*HOW TO COMPLETE THIS TASK*. With the pictures set aside, write out all of the data exactly as it stands.

*SUPPLIED INFORMATION*.
== Segment start ==

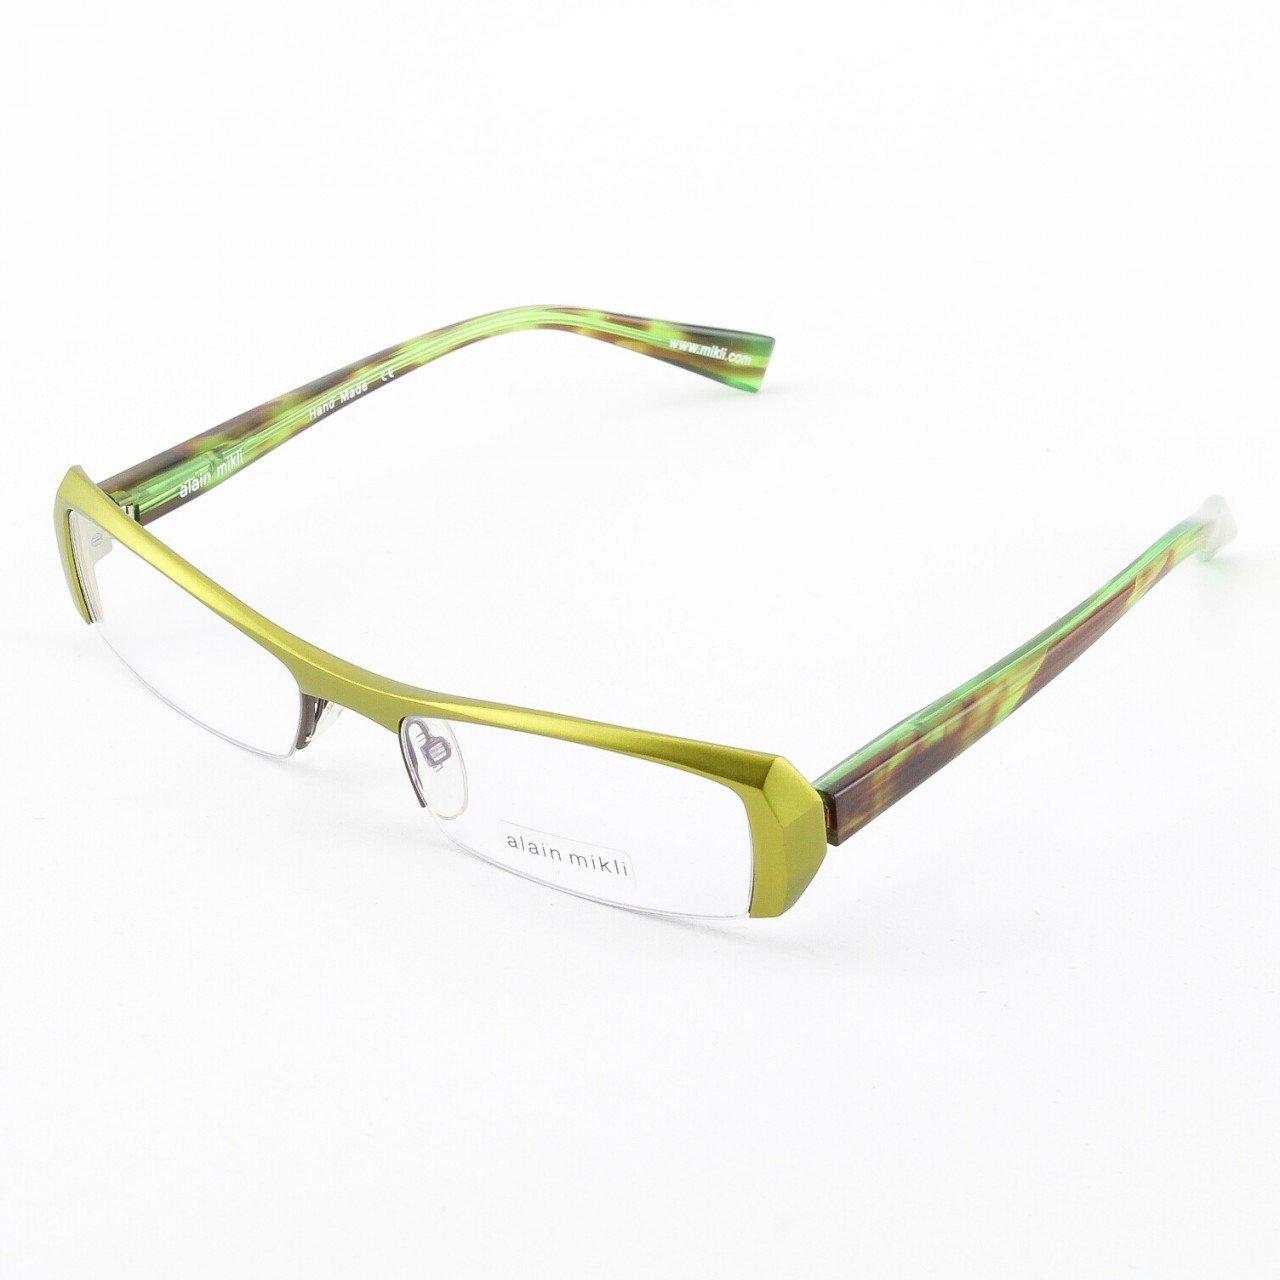 Alain Mikli Eyeglasses AL0613 Col. 16 Metallic Green Frame with Mottled Brown/Green Temples
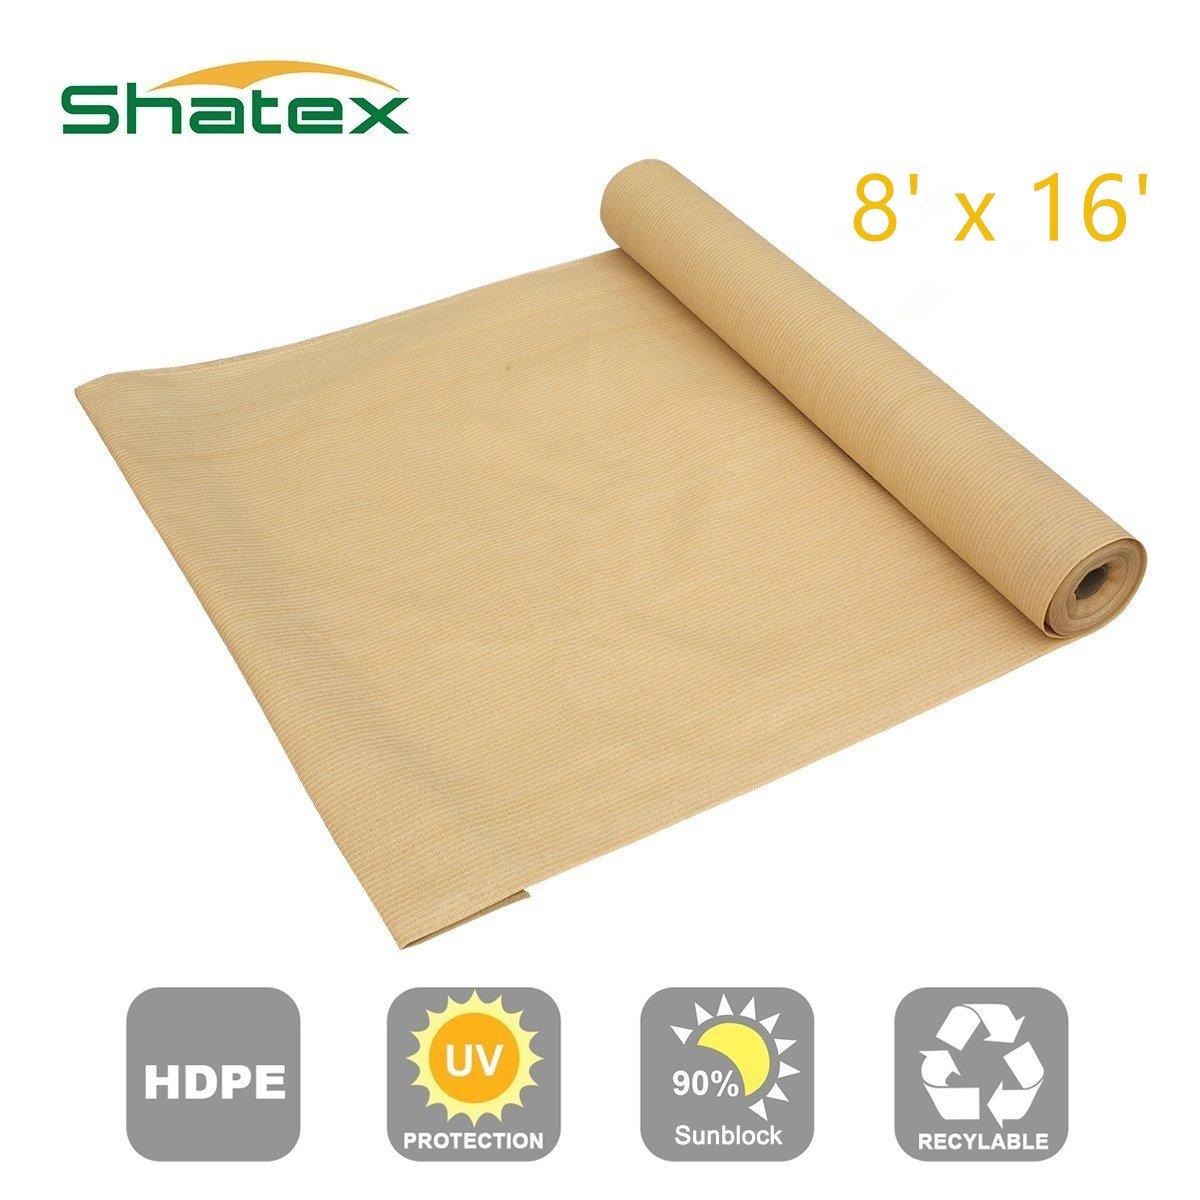 Shatex 90% Sun Shade Fabric for Pergola Cover Porch Vertical Screen 8' x 16', Beige
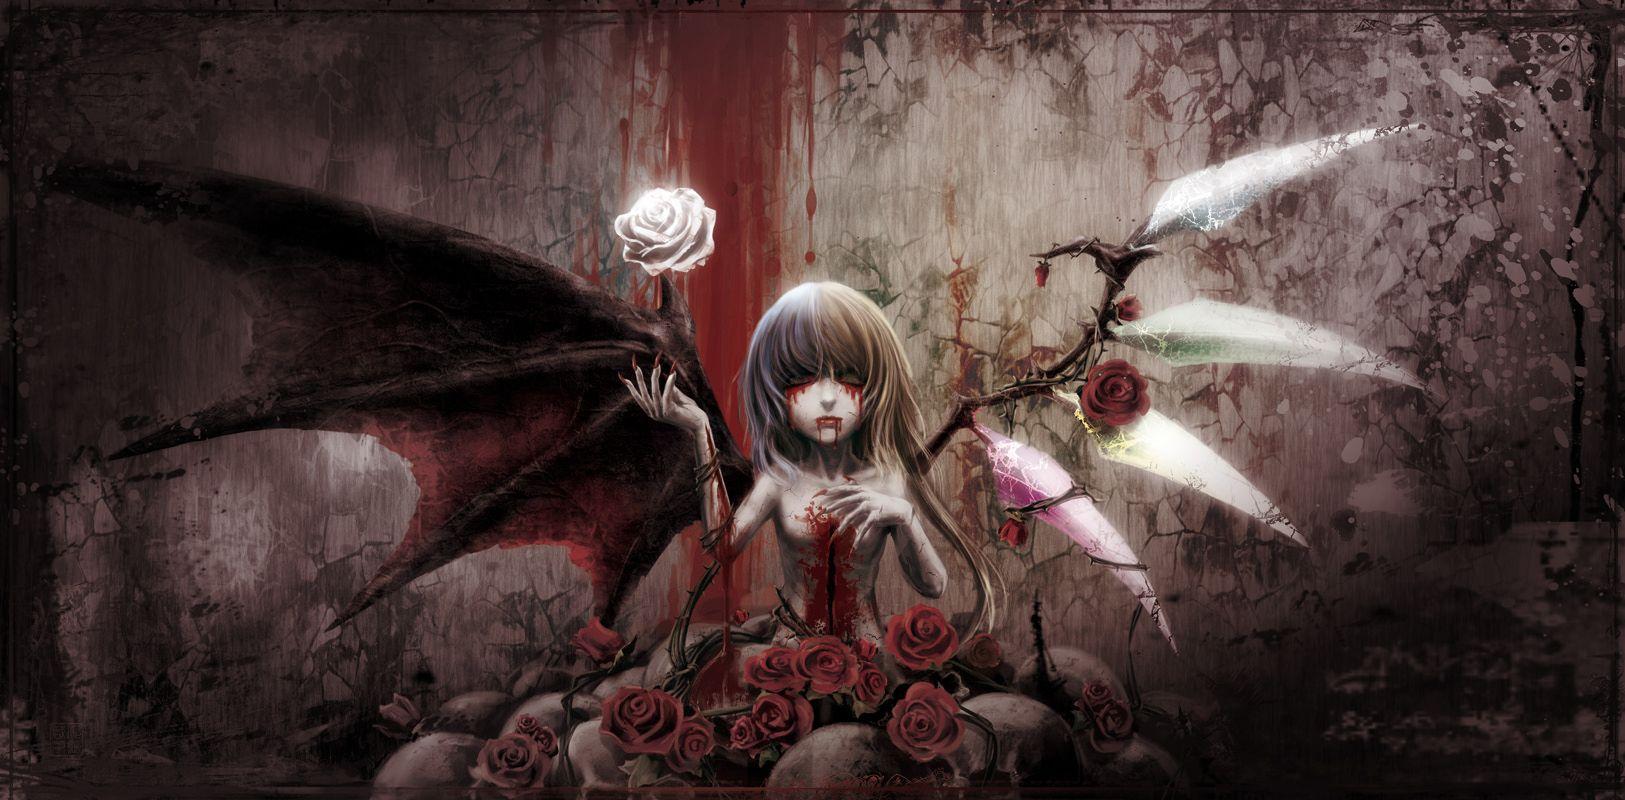 Anime Touhou Flandre Scarlet Vampire Wallpaper Anime Art Fantasy Anime Art Dark Anime Art Beautiful
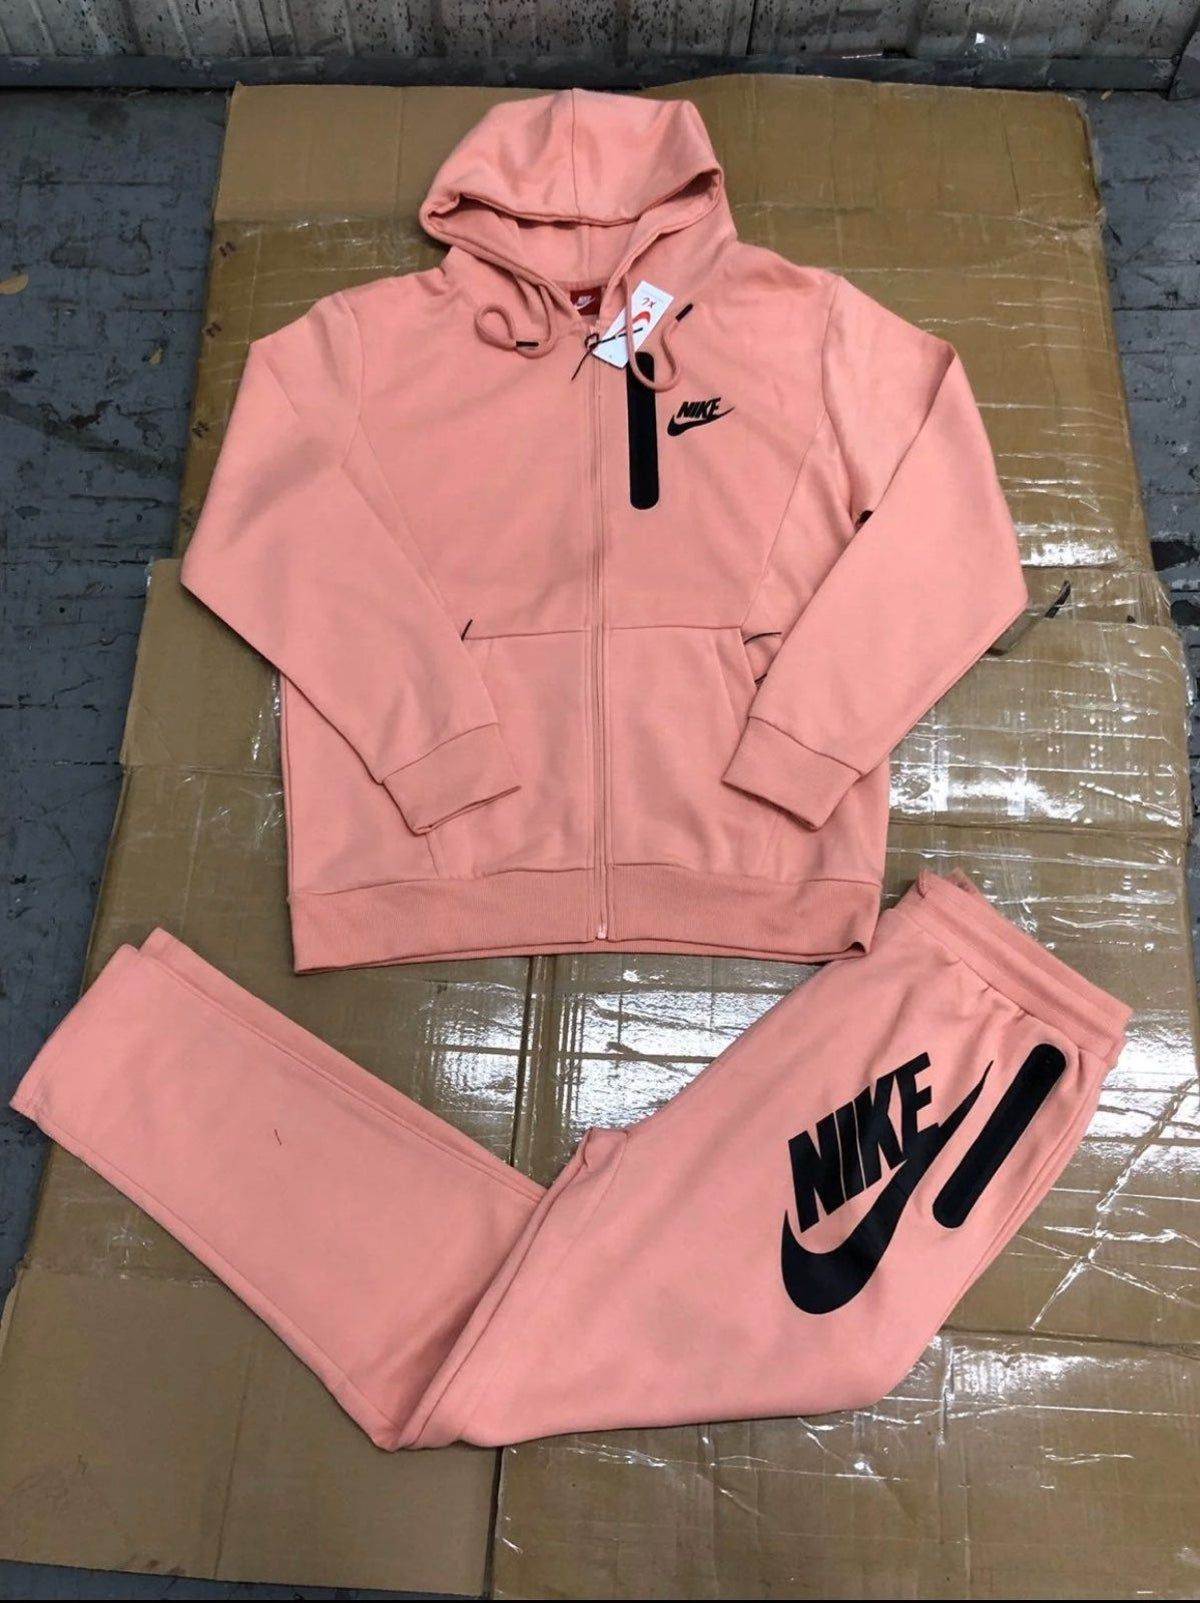 Unisex 3XL Nike Sweatsuit | Cute nike outfits, Hype clothing ...
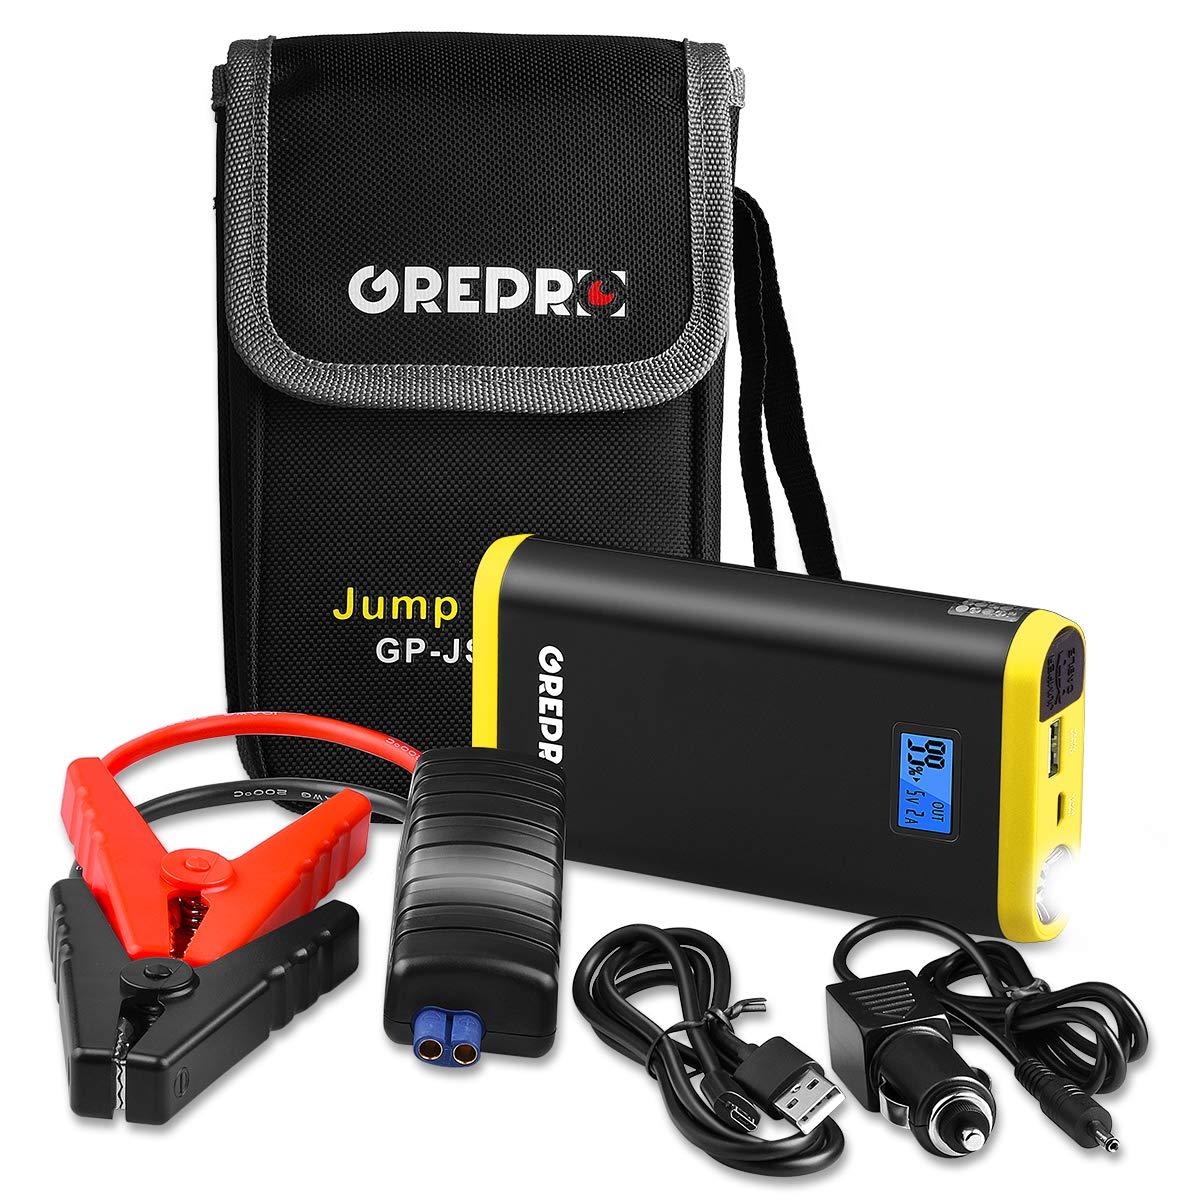 ignifugo Shell DBJ Potente Batteria di Emergenza Jump Starter 800/A Peak Booster Batteria Caricatore con Smart Intelligent Jump Cavo Doppia Uscita USB di Ricarica Rapida

== Segment end ==

*ANSWER TO THIS TASK*.
 Alain Mikli Eyeglasses AL0613 Col. 16 Metallic Green Frame with Mottled Brown/Green Temples
 Shatex 90% Sun Shade Fabric for Pergola Cover Porch Vertical Screen 8' x 16', Beige
 Anime Touhou Flandre Scarlet Vampire Wallpaper Anime Art Fantasy Anime Art Dark Anime Art Beautiful
 Unisex 3XL Nike Sweatsuit | Cute nike outfits, Hype clothing ...
 ignifugo Shell DBJ Potente Batteria di Emergenza Jump Starter 800/A Peak Booster Batteria Caricatore con Smart Intelligent Jump Cavo Doppia Uscita USB di Ricarica Rapida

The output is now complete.